:: EXERCISE ::
Could you restate the whole listing below word for word, minus the pictures?

:: DATASET EXTRACT ::

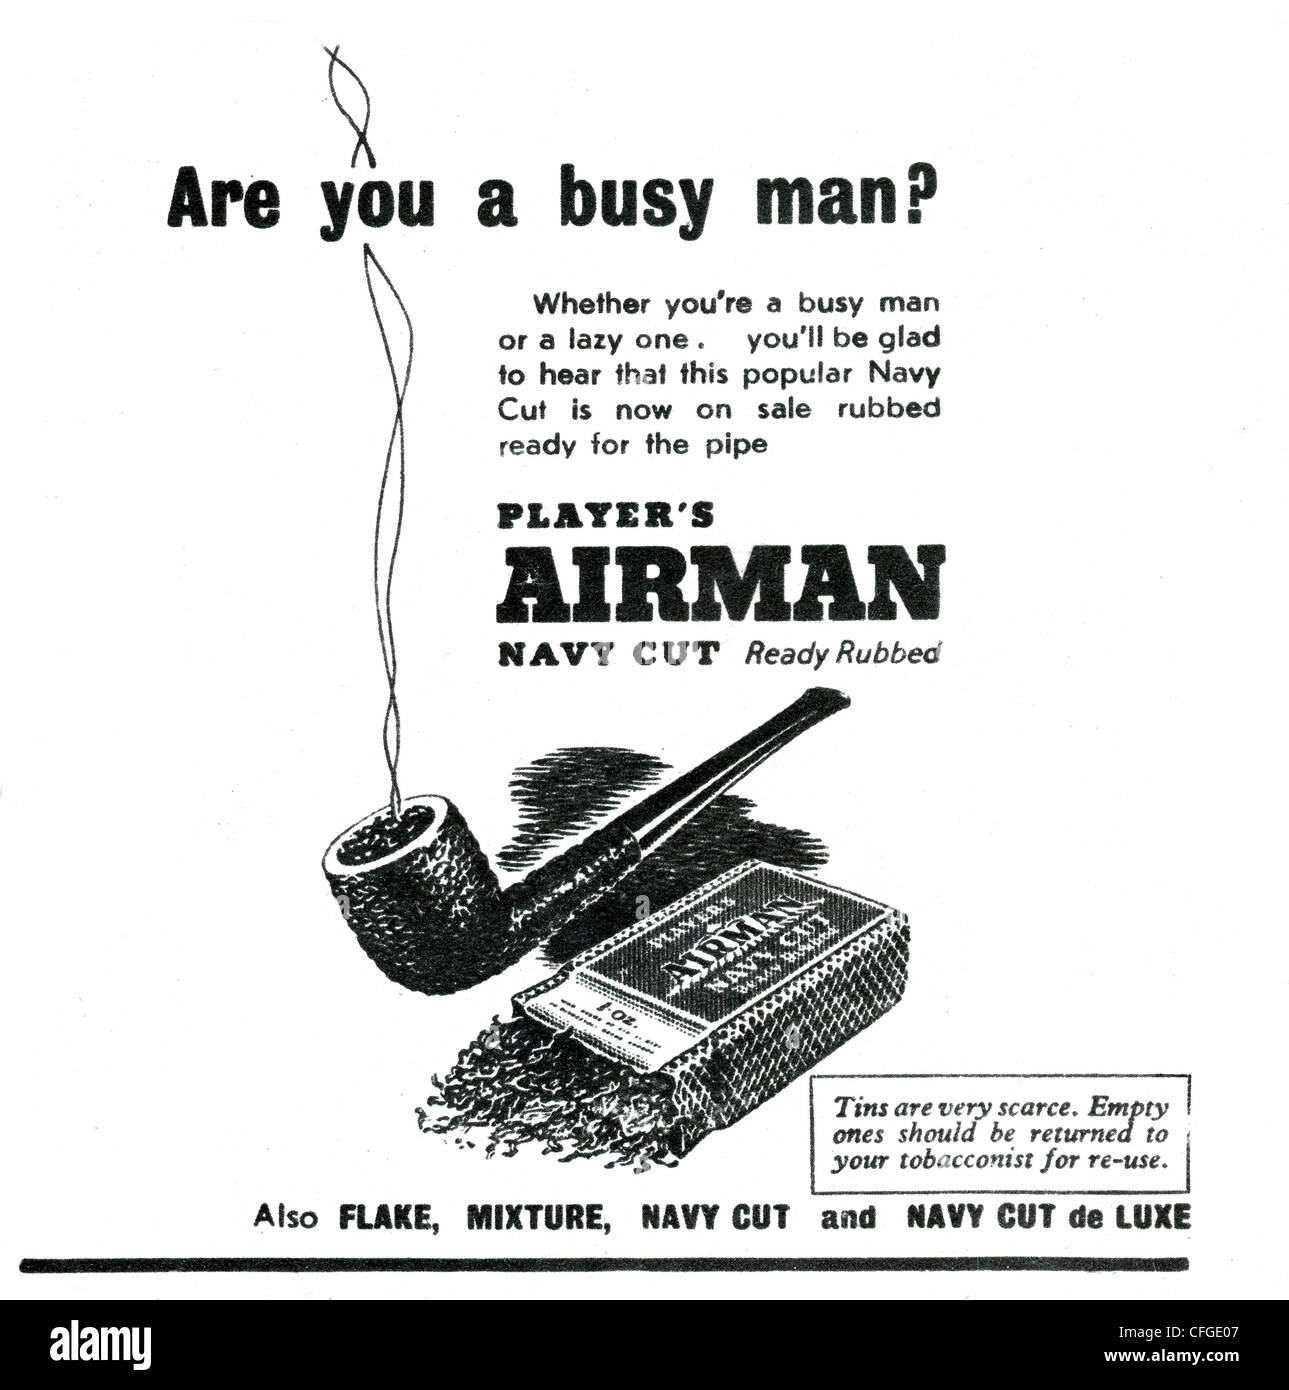 I giocatori Airman Navy Cut pubblicità del tabacco dal 1947 Foto Stock
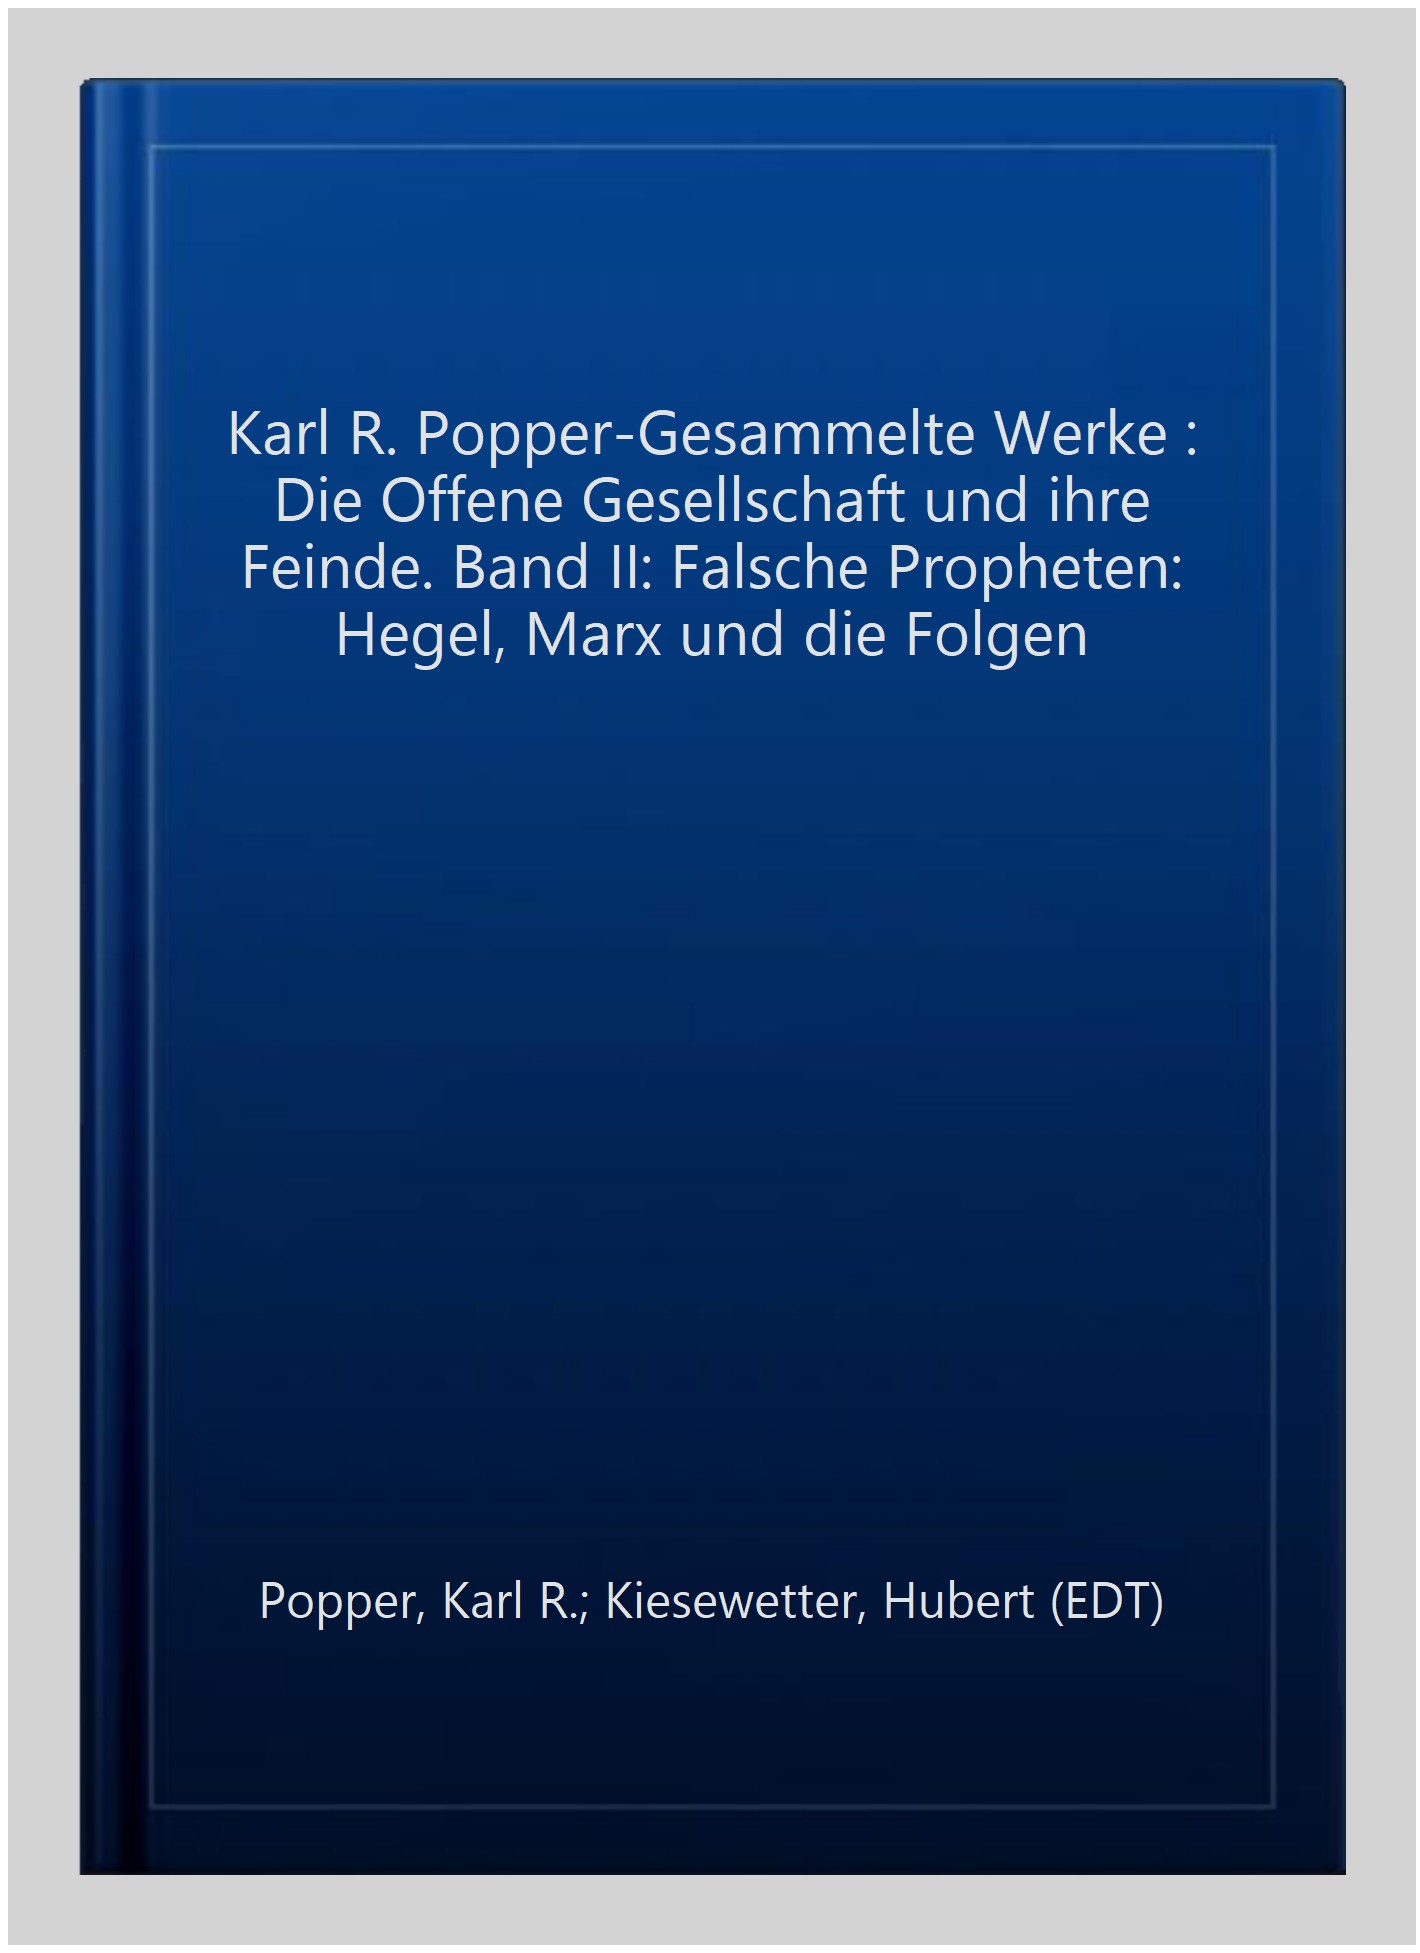 Karl R. Popper-Gesammelte Werke : Die Offene Gesellschaft und ihre Feinde. Band II: Falsche Propheten: Hegel, Marx und die Folgen -Language: german - Popper, Karl R.; Kiesewetter, Hubert (EDT)
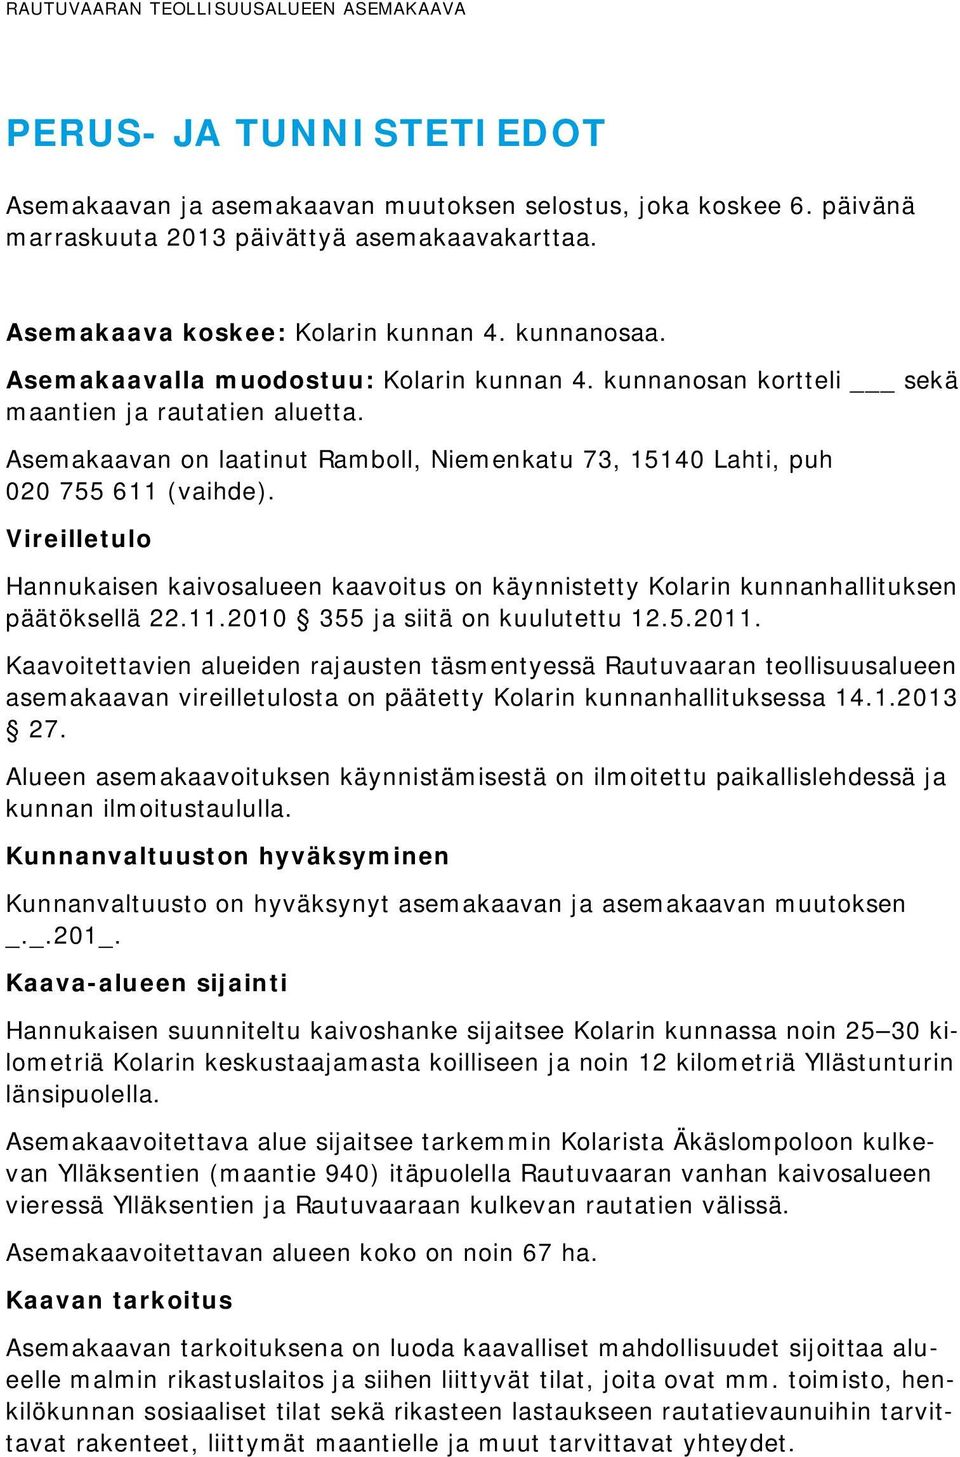 Vireilletulo Hannukaisen kaivosalueen kaavoitus on käynnistetty Kolarin kunnanhallituksen päätöksellä 22.11.2010 355 ja siitä on kuulutettu 12.5.2011.
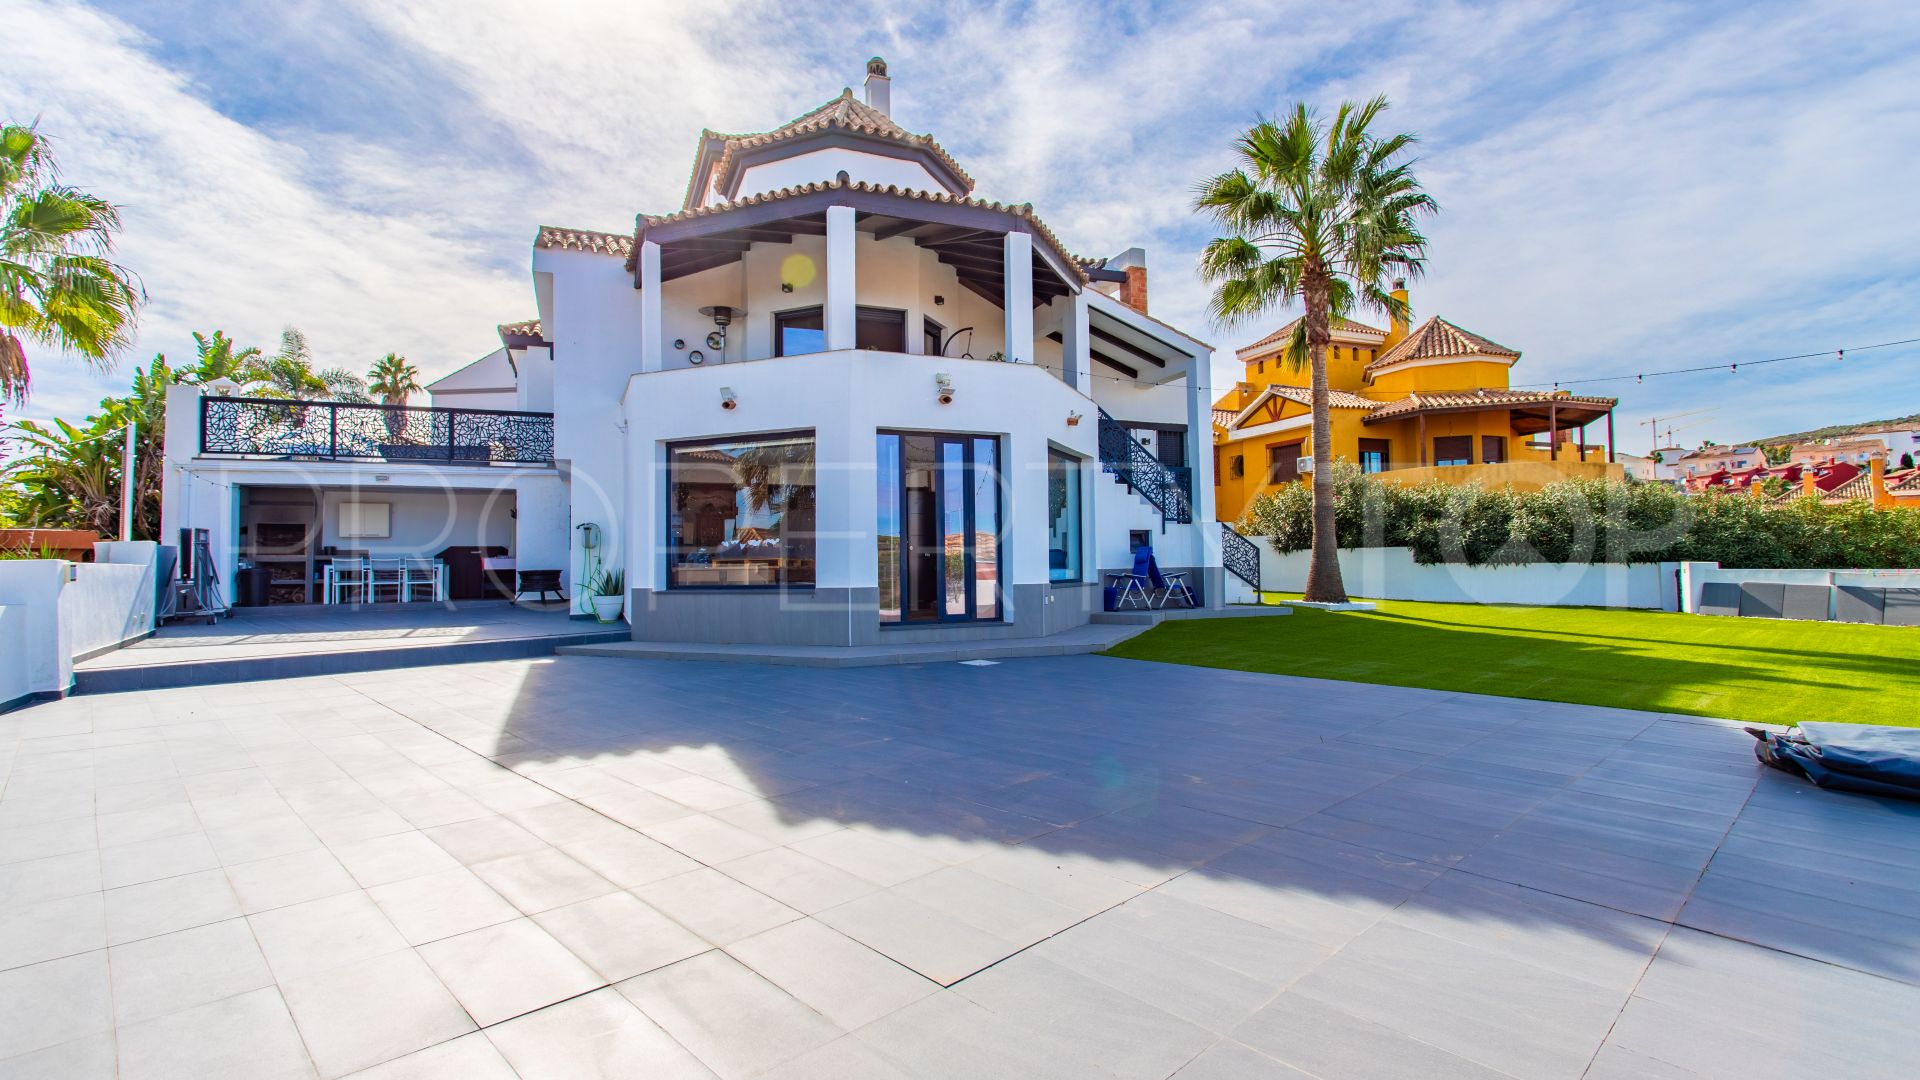 For sale Alcaidesa Costa villa with 4 bedrooms

:: REPLY TO THE TASK ::
 I giocatori Airman Navy Cut pubblicità del tabacco dal 1947 Foto Stock
 Karl R. Popper-Gesammelte Werke : Die Offene Gesellschaft und ihre Feinde. Band II: Falsche Propheten: Hegel, Marx und die Folgen -Language: german - Popper, Karl R.; Kiesewetter, Hubert (EDT)
 Vireilletulo Hannukaisen kaivosalueen kaavoitus on käynnistetty Kolarin kunnanhallituksen päätöksellä 22.11.2010 355 ja siitä on kuulutettu 12.5.2011.
 For sale Alcaidesa Costa villa with 4 bedrooms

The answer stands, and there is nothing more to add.